Immersing myself in the literature of my country of choice, Canada, has given me a stronger sense of self ... a sense of place. Reading and listening to the historical and present-day voices of Canada's first people, studying explorers' journals, the historical geographies of maps, women's diaries, primary documents, collecting letters to editors in newspapers, journals, periodicals, overheard conversations in pubs, on street corners and in university corridors and classrooms, "...writing about Canadian experience in a Canadian language." We just have to recognize it. Not only defined by ethnicity, but also by gender and position within the boundaries of our society. Defined by history and the present. Who is listening?
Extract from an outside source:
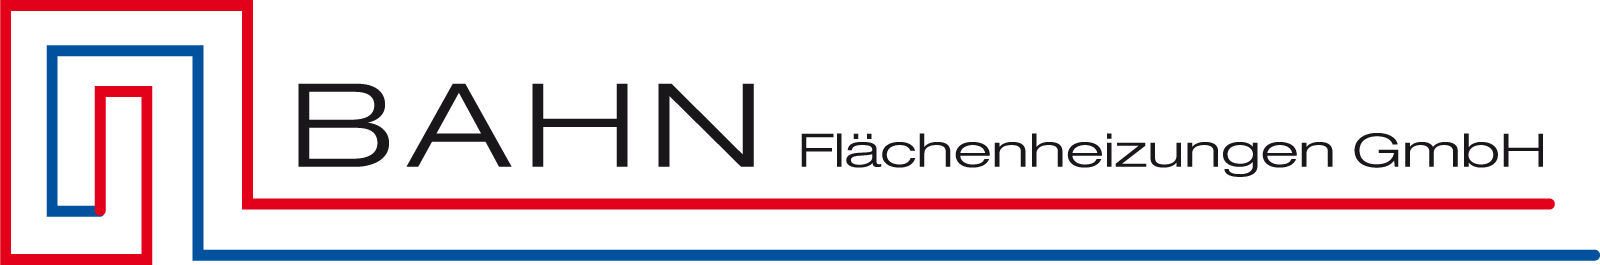 Bahn Flächenheizungen Logo
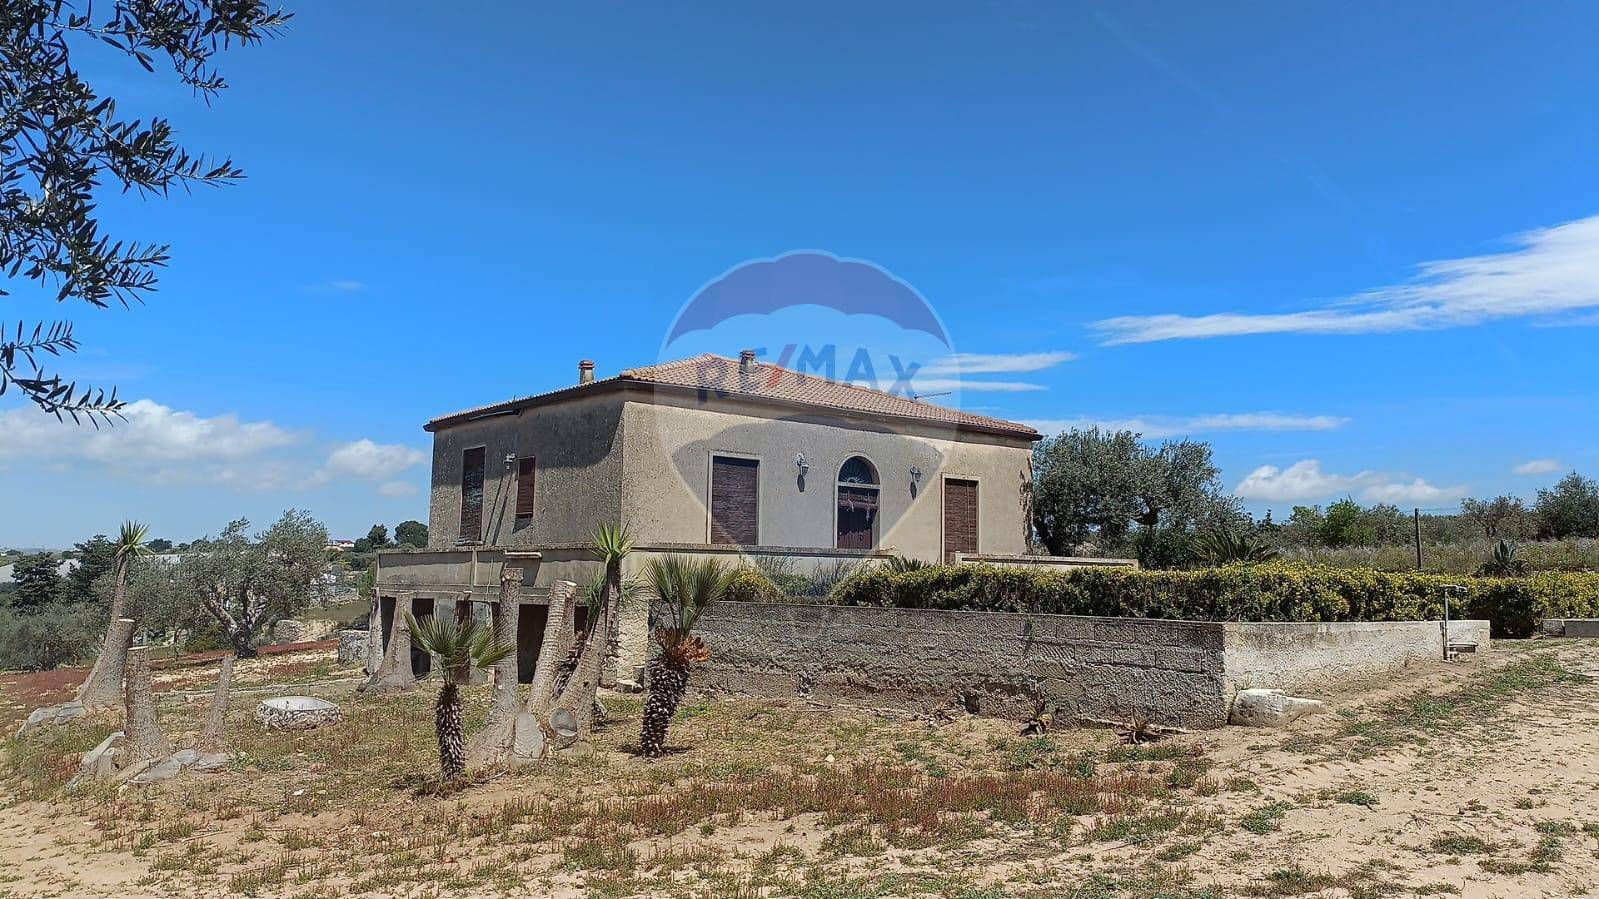 Villa in vendita a Chiaramonte Gulfi, 5 locali, zona Zona: Roccazzo, prezzo € 120.000 | CambioCasa.it

We have to recognize the many layers of our new society, as they exist and have existed, rather than searching for the insular voice. Recognize and read them! Write them! We have only to listen and to grab poetic license in the interpretation of our experience. We only have to listen because "the dogs are fucking down the back alleys," as they always have. It really isn't so difficult to call a spade a spade. Or, to stop tugging our forelocks. We will always have keepers of the magic. We just have to believe in the stuff!

Marjorie Seitz

Toronto

Special Bonds

I ENJOYED R. M. Vaughan's interview with David Adams Richards in the September issue. However, I should raise a couple of "points of information" for both writers. First, if Vaughan would like a better understanding of the "somewhat odd premise" that Canada and Australia "have a special bond in their literatures," he could start with Tradition in Exile (University of Toronto Press, 1962), John F. Matthews's classic comparative study of the development of their respective poetries. Secondly, I would corroborate Richards's suggestion that "there are definite parallels" between the writers of the Maritimes and the American South. Not only do both regions share "a rural sensibility and a Celtic tradition, they are also, of course, home to significant and historic African-American communities. In fact, striking comparisons could be drawn between the work of the African-American novelist Richard Wright and that of Richards himself.

George Elliott Clarke

Ottawa

History Will Judge

IN "The Big (Brother) Chill" (September) I Michael Coren misses the point. If, with "The Valour and the Horror," the McKennas had admittedly produced fiction, they would be entitled to say anything they wanted and I would defend their right to artistic freedom, no matter how distasteful their content. However, the McKennas profess to be historians and as such must be prepared to accept the consequences of their actions and be judged as historians. In this they fail, for they have proved with their production that they are revisionist historians cut from the same cloth as David Irving and Ernst Zundel and are perpetuating the same misunderstandings. They deserve everything they get. Michael Coren should realize that if these revisionists have their way, we will eventually forget that which we must remember.

David Skene-Melvin

Toronto

Letters may be edited for length or to delete potentially libellous statements. Except in extraordinary circumstances, letters of more than 500 words will not be accepted for publication.